Last year I changed my voter registration from Illinois to Minnesota, and back in November I cast my first ballot up here, in a local election.
Yesterday afternoon I’m driving my daughter home from school when I notice a “VOTE HERE” sign outside a local church. And that is, literally, the very first time it had occurred to me that Minnesota is a Super Tuesday state and this was the primary election day.
Here I am, somebody who cares enough about politics to make time out of his busy life to blog about the upcoming election, and I had no idea that it was election day in my state until three hours before polls closed! That’s embarrassing.
But at the same time, kind of understandable. If I had gone to the polls yesterday, what would that have accomplished? There was no primary competition on the Democratic side for either my House seat (Craig) or the Senate (Klobuchar). I suppose I could have racked my brain over whether to vote for Biden, for “uncommitted”, or for renegade Minnesota Representative Dean Phillips in the presidential primary, but to what end? So, both my wife and I sat this Super Tuesday out. November, obviously, will be a different matter.
More globally, Super Tuesday marked the end of the Haley campaign; she officially suspended her bid this morning. She did manage to win a single state, though: that Republican hotbed of Vermont, 50-46. (Over the weekend she had won her first primary contest in another Republican hotbed, the District of Columbia.) I heard at one point last night that, across all states yesterday, she was only attracting something like 25% of the vote. In Texas, for instance, she lost 78-17.

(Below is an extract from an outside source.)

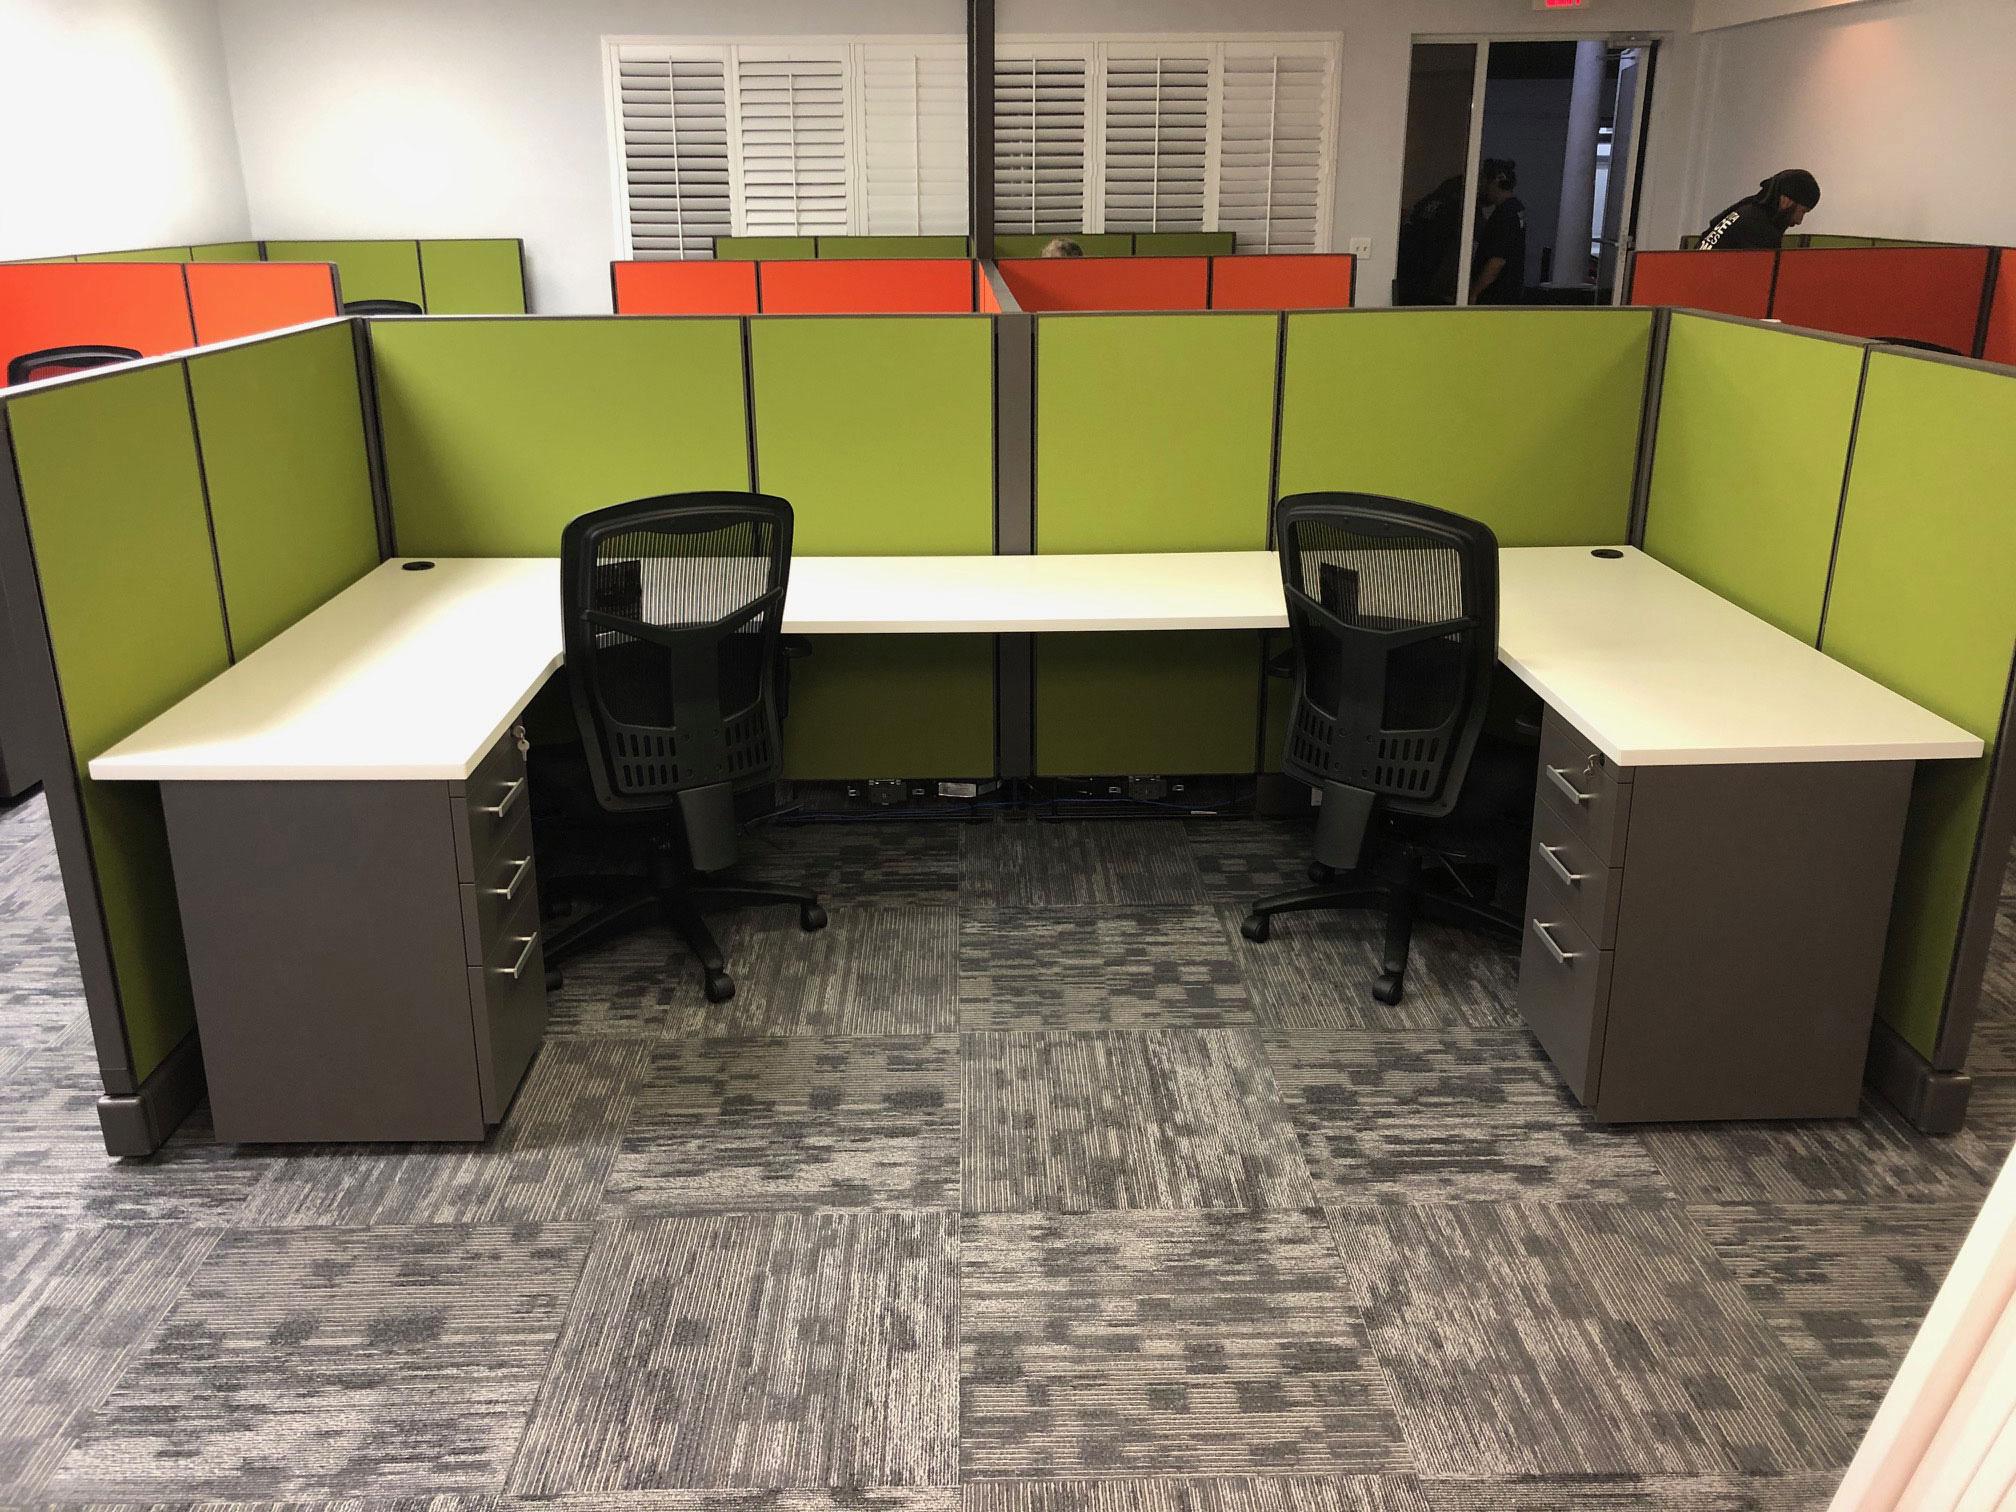 office-cubicles-for-sale-in-leesburg-florida-2.jpg

The race I was most interested in yesterday was the jungle primary for an open Senate seat in California, which featured three compelling Democratic House members – Adam Schiff, Katie Porter, and Barbara Lee – and an uninspiring Republican field led by former baseball star Steve Garvey. Three months ago I’d have thought that Schiff and Porter would advance to the general, which would have been a potentially expensive internecine race in the fall. However, Porter and Lee both underperformed and it only took half an hour after polls closed for Garvey to clinch the second position in the runoff. I’m sad to see Porter leave office, and I was also sad to see a former high school classmate, Joanna Weiss, finish 3rd in the jungle primary for Porter’s open seat in California’s 47th district (perhaps better known as the seat that Sam Seaborn ran in, in a by-election, when Rob Lowe wanted to leave The West Wing in mid-season).
But the most interesting political news of the day came in a state whose primary isn’t until later this month: Arizona, where first-term U.S. Senator Krysten Sinema announced that she would not be running for re-election. A former Green, she had been elected as a Democrat but later became an independent, while still caucusing with the Democrats. Unlike Sanders, she left the party not because she was to its left, but because she had drifted to its right. Congressman Ruben Gallego had announced he would primary Sinema, and it was widely believed he would win. After she left the party to avoid that primary, it was presumed that there would be a three-way general election this fall. As such, Sinema’s decision to stand down rather than run as an independent is a good sign for the Democrats’ ability to retain a key swing seat in the Senate, particularly if as expected the Republicans nominate MAGAite Kari Lake to face Gallego; it is easier to imagine Lake winning a three-way race than a head-to-head against Gallego.